While these recommendations are applicable to all women, the known challenges faced by women with GDM that impact breastfeeding need to be acknowledged and accounted for in management plans to mitigate risk factors.

Strengths and limitations

This systematic integrative review is the first of its kind to examine and synthesise the experiences and outcomes of breastfeeding in women with a history of GDM in high-income settings, providing insights into the positive and negative influences on breastfeeding for women in this context. Being solely focussed on GDM rather than a combination of GDM, T1DM and T2DM adds strength and confidence to the findings. The papers included in this review were high quality with a range of CCAT scores between 68.75% and 87.5%. The range of high-income nations from which the studies originated increases the ability to generalise the findings to the Australian context because similar maternity care systems, as well as GDM screening and diagnostic processes may be used.
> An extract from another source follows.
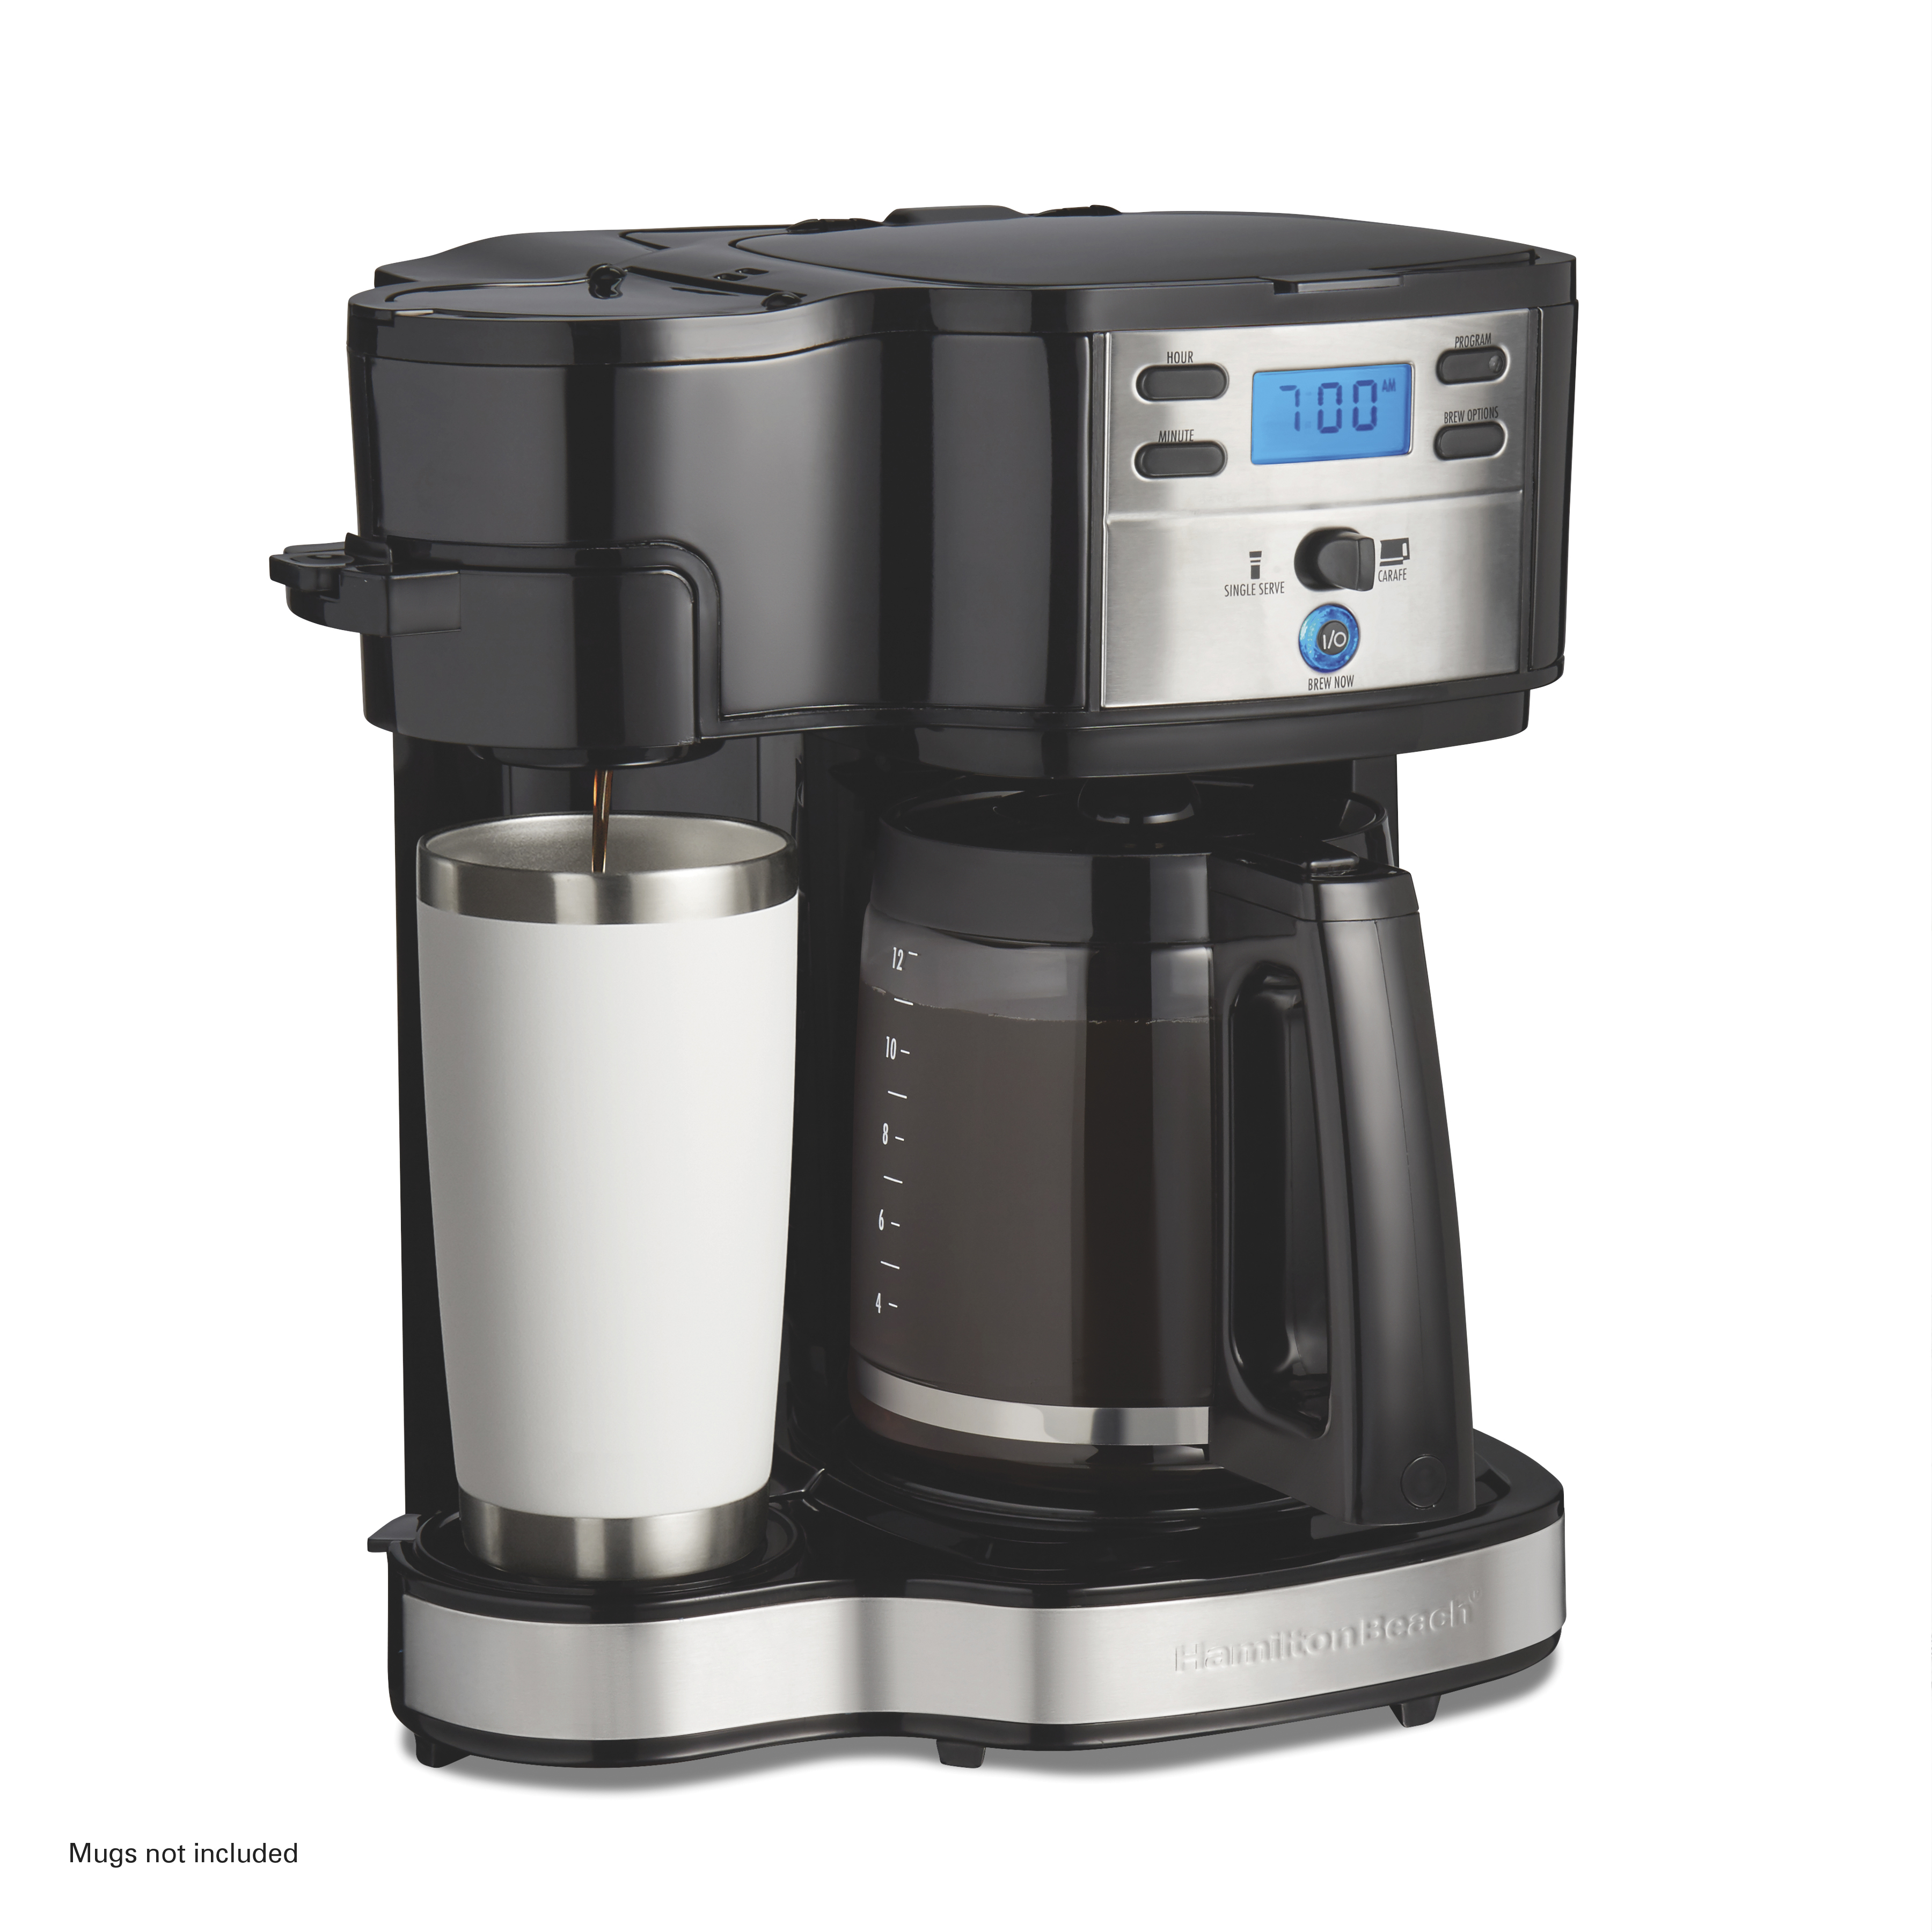 Hamilton Beach 2-Way Programmable Coffee Maker, Single-Serve and 12-Cup Pot, Glass Carafe, Stainless Steel, New, 47650 - image 2 of 8

A limitation of this review was the lack of diversity amongst the study designs included. Most included papers used a quantitative study design, limiting our understanding of women’s experiences of breastfeeding following a GDM pregnancy. It is recognised that by not including low- and middle-income nations, some important research findings may have been missed. Another limitation is that studies included in the review did not uniformly control for variables which are likely to affect the initiation and duration of breastfeeding, regardless of status, for example, mode of birth, prior breastfeeding experience, smoking, obesity, socio-economic status, educational status, GDM treated with diet or medication, birth in a baby-friendly hospital. Further limitations identified in each study are listed in Table 2 and include a lack of operational definitions of breastfeeding, loss of follow up past 6 weeks and 6 months postpartum, differences in the way data was collected during the study period, and variation of breastfeeding practices between healthcare facilities.

Further research

This review highlights a paucity of existing research related to women’s experiences of breastfeeding with a history of GDM. Future research should aim to understand the experiences of breastfeeding mothers with a history of GDM, not only in high-income contexts but in low- and middle-income. Understanding the woman’s experience will generate additional information, which when combined with the quantitative findings of this review, will be highly beneficial for improving maternity breastfeeding practices for both this cohort of women, and all breastfeeding women.

Conclusion

This integrative review found the rates of initiation and duration of breastfeeding, were lower amongst women with a history of GDM when compared to their non GDM counterparts. Maternity care practices, such as those recommended by the BFHI, are particularly important in facilitating breastfeeding for mothers with a recent history of GDM. Maternal factors and family influences identified amongst the cohorts, can act as both facilitators and barriers to breastfeeding. Underlying social determinants of health including socioeconomic status appear to have a greater effect on women with a history of GDM than the wider birthing population. Appropriate, evidence-based, and timely professional support is key to a positive breastfeeding experience for all women with a recent history of GDM. Breastfeeding education and support need to encompass the individual needs of women with GDM and should include the immediate and extended family as they are major sources of influence. Well prepared, and supported women will have the ability to handle any challenges in achieving their infant feeding goals.